# the big 3 in banff



## bloodfira (Jul 9, 2009)

anybody been to banff(sunshine village, lake louise, nakiska)
just wanted to know how the terrain is, hows the snow and all that you can tell me bout it.
is it a good place to go for a week


----------



## Shocktroop531 (Aug 3, 2010)

I am also curious about banff and interested in doing a week there. never hear much about it. seems to fly under most people's radar here in the states


----------



## chupacabraman (Jul 30, 2009)

It's sick. Sunshine Village (15min) has a weird layout with super steeps & super flats, they have excellent snow and get it regularly. Lake Louise (45min) doesn't get much snow, but when they do the Backside has challenging terrain than can rival Kicking Horse / Revelstoke. Norquay is tiny and crappy but is close and has a good little snowboard park (5min).
Also within driving distance are the epic Kicking Horse, Panorama, and Nakiska (crappy hill, mainly groomers, no snow). A little further are more.

The best time to visit is SPRING. It's the snowiest season there, and Sunshine 
is open till late May. Plus it's too cold in the deep of winter. You'll probably find the mountains similar to Colorado if you've ever been there.

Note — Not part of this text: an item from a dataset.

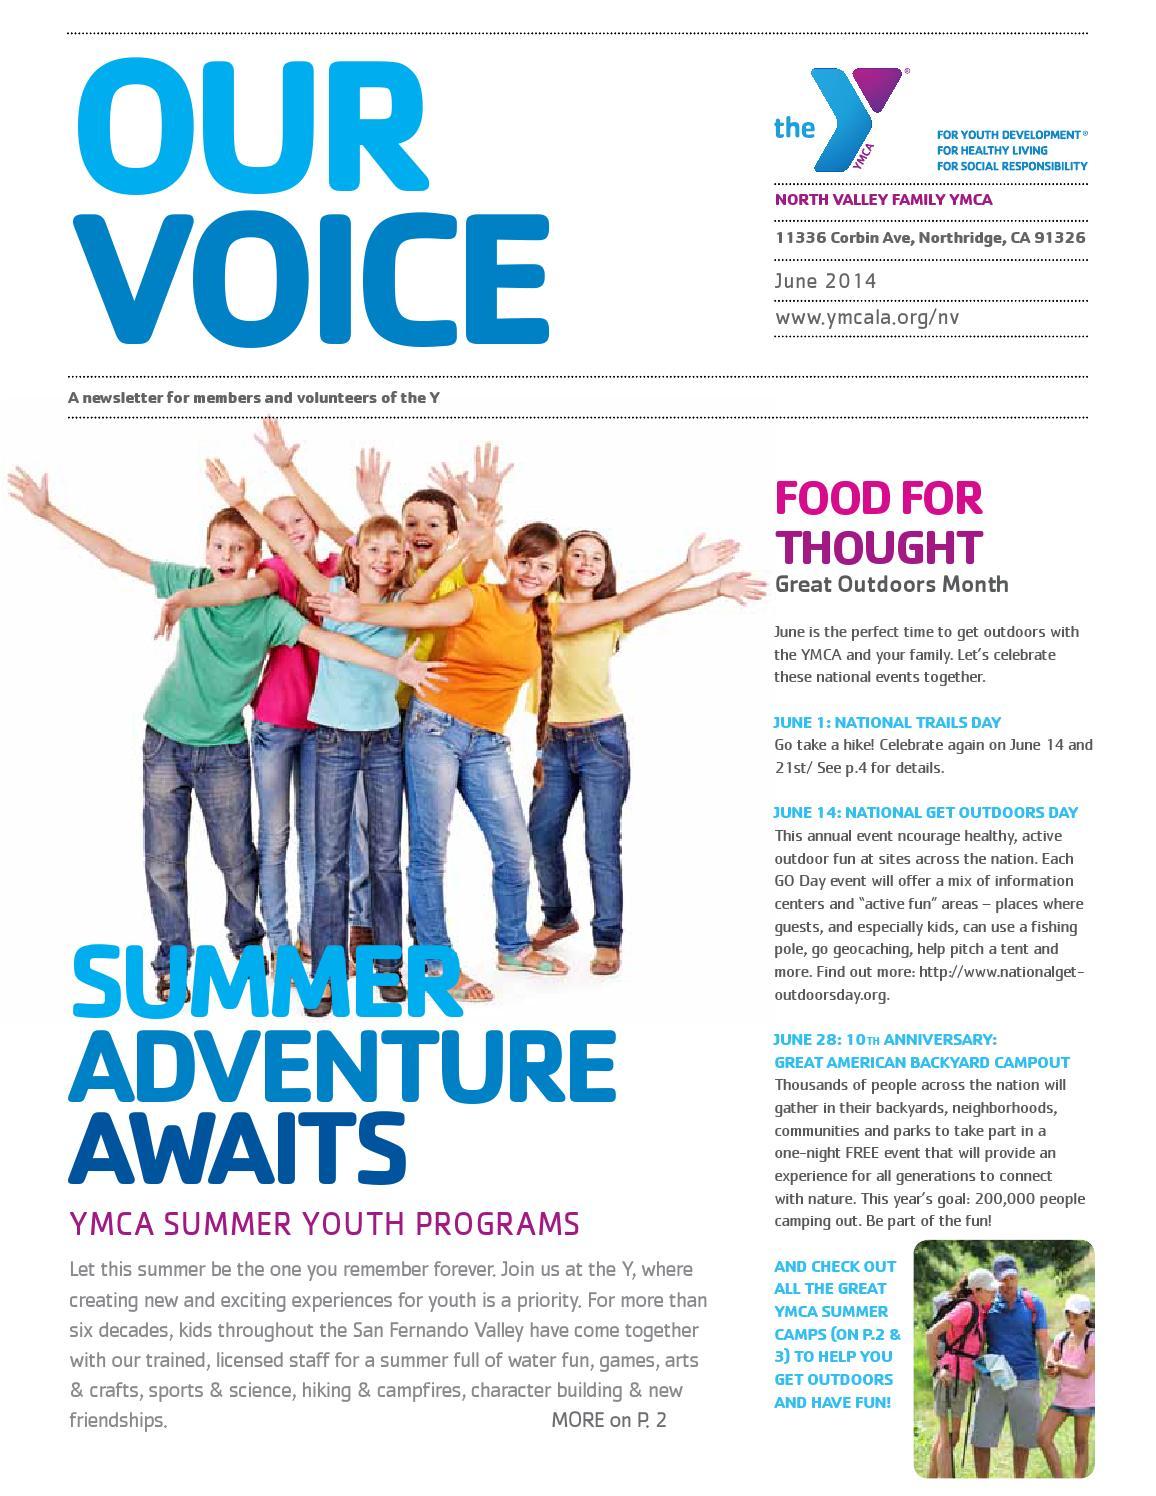 north valley family ymca june newsletter by ymca of metropolitan

Great partying in Banff, cheap drinks and people getting loose left and right. The local scenery is simply stunning - you may never leave. (I went for a summer and ended up staying 7 years)


----------



## anti-bling (Apr 21, 2010)

As a place on Earth, it is one of the best. 
i lived on and off there for 3 or 4 years, mostly in Lake Louise. I haven't been there lately, so i can't comment on the park, but the terrain is amazing. As gnar as you want to go. Also one of the most beautiful places on the planet as well. 
The only downside is the relative lack of snow compared to Sunshine. If you go, try to definately hook up with a local and get shown around to the spots.

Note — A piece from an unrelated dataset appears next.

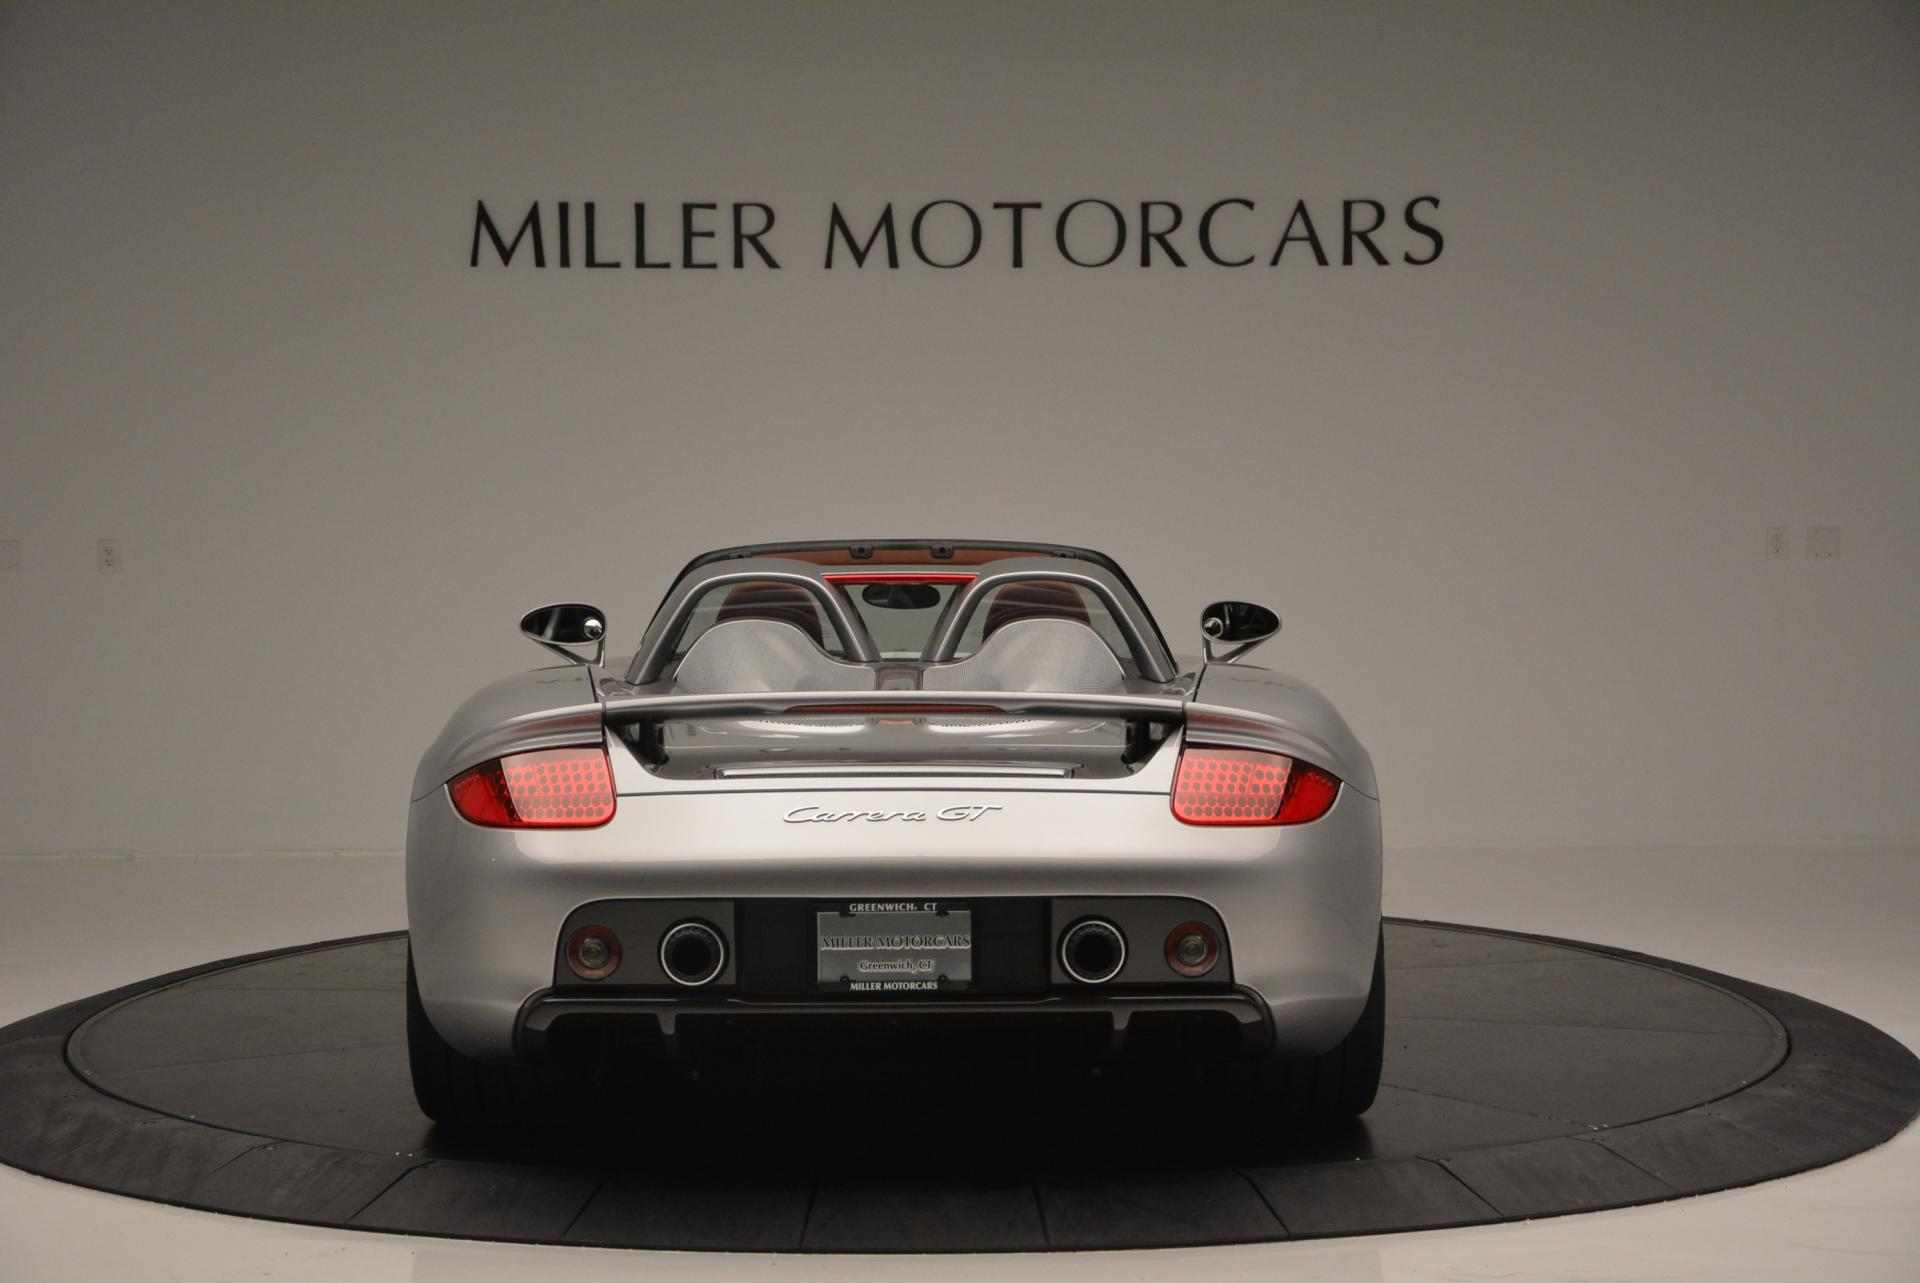 Used 2005 Porsche Carrera GT  For Sale In Greenwich, CT 108_p7

Like the previous poster said, Sunshine has a weird layout, lots of rolling flats. Thats because it was originally designed for tour skiing, half downhill, half cross-country. But still a gorgeous place to ride, some newer gnarlier places like Goat's Eye are open, and lots more snow than any other area in the park.

Norquay is a fun place just to shred in the afternoon if you don't feel like going all the way to the other hills. Small, but well maintaned and had a good park (at least when i worked there 8 years ago)


----------



## JoeR (Oct 30, 2010)

bloodfira said:


> anybody been to banff(sunshine village, lake louise, nakiska)
> just wanted to know how the terrain is, hows the snow and all that you can tell me bout it.
> is it a good place to go for a week


Since you're interested in a relatively long visit, I thought I would add something about the practicalities. The town of Banff is lively and has many places to stay at all price levels: big hotels, small hotels, motels, lodges, etc. Sunshine Village is maybe 15 minutes away by car or bus. It's easy to stay in Banff and take the ski shuttle to Sunshine Village. You also could stay in the lodge at Sunshine Village itself -- have to send your luggage up in the gondola! -- for the quickest access, but most people probably would prefer to be in Banff, which is lovely and easy to walk around in.

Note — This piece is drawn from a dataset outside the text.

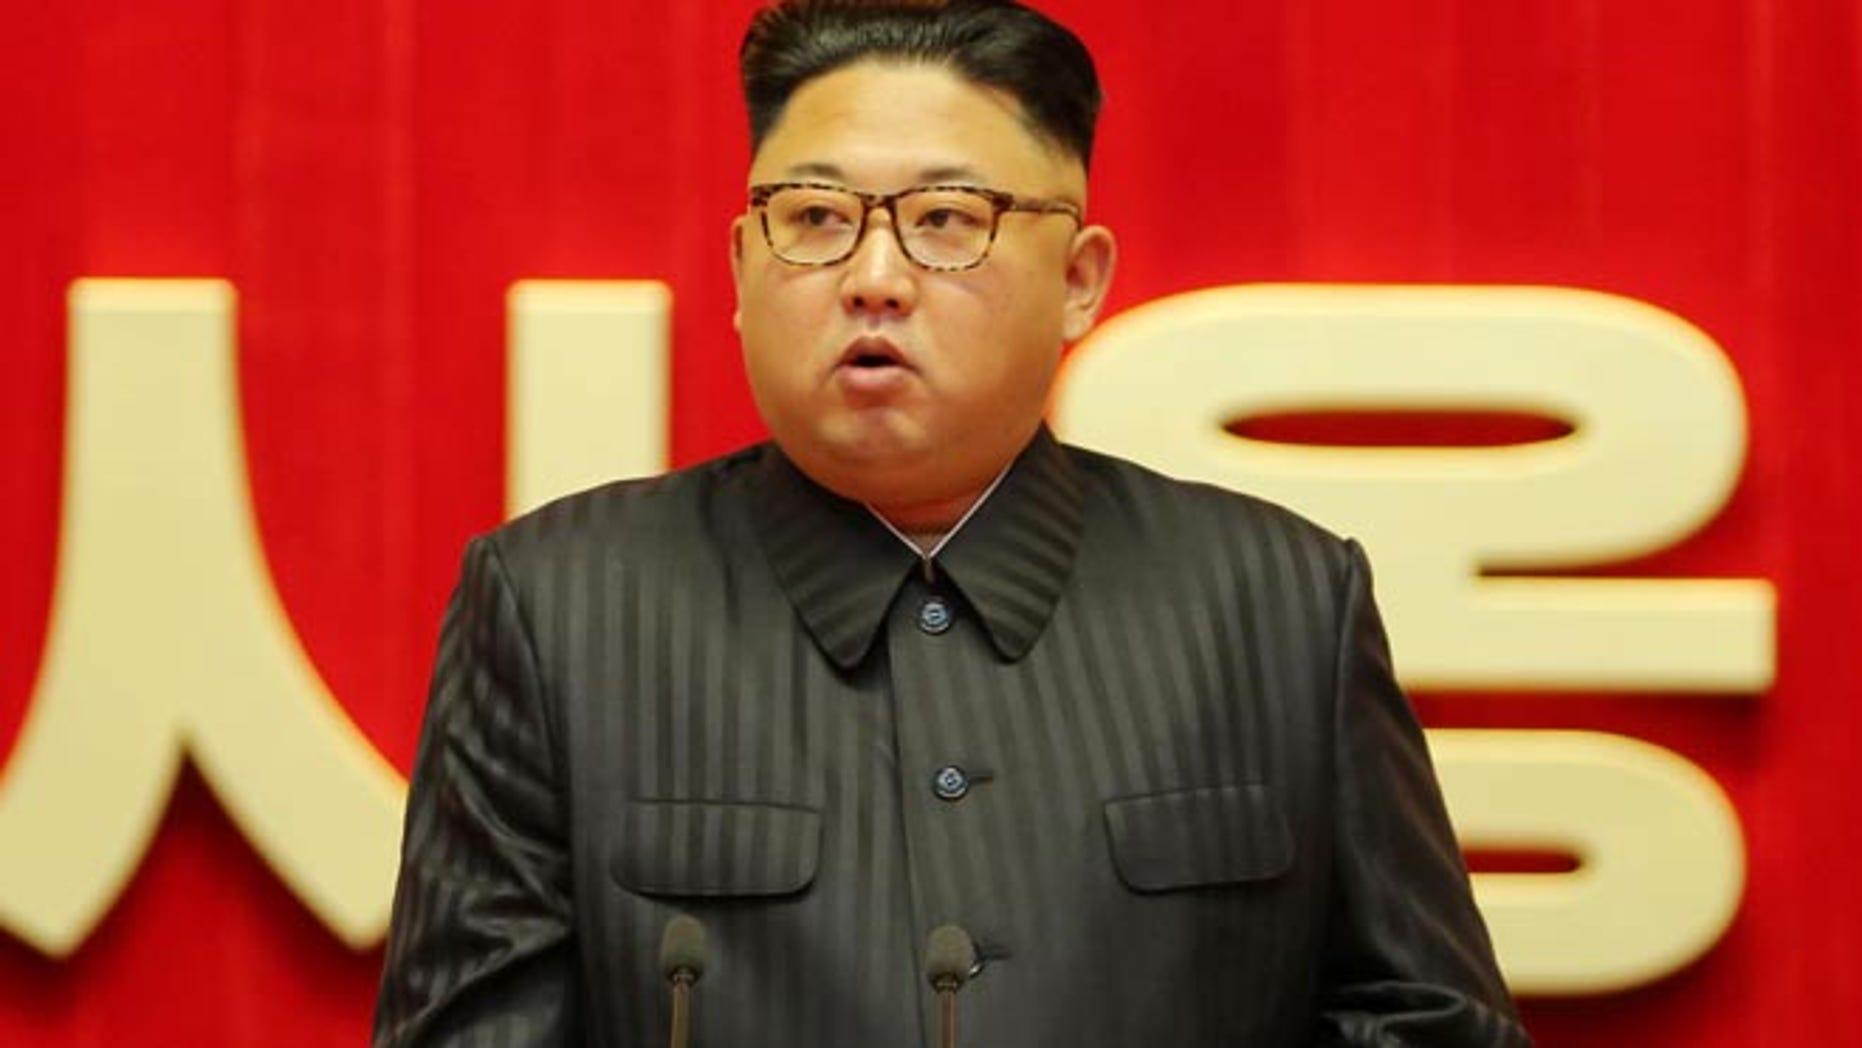 North Korean leader Kim Jong-un in August. (Reuters)

Lake Louise is more isolated -- about 45 min. to an hour away from Banff. There are a few hotels nearby (the Chateau Lake Louise is the most famous and pictureque), but you need to drive or take the shuttle to the resort itself. You can also take a shuttle back and forth to Sunshine Village, but of course that's a longer trip.

It's possible to stay for a week in one spot and switch back and forth between the resorts by using the shuttles. When we visited, however, we stayed at Lake Louise for a few nights, then in Banff for the remaining nights. That gave us a better chance to soak in the abundant atmosphere in both locations.


----------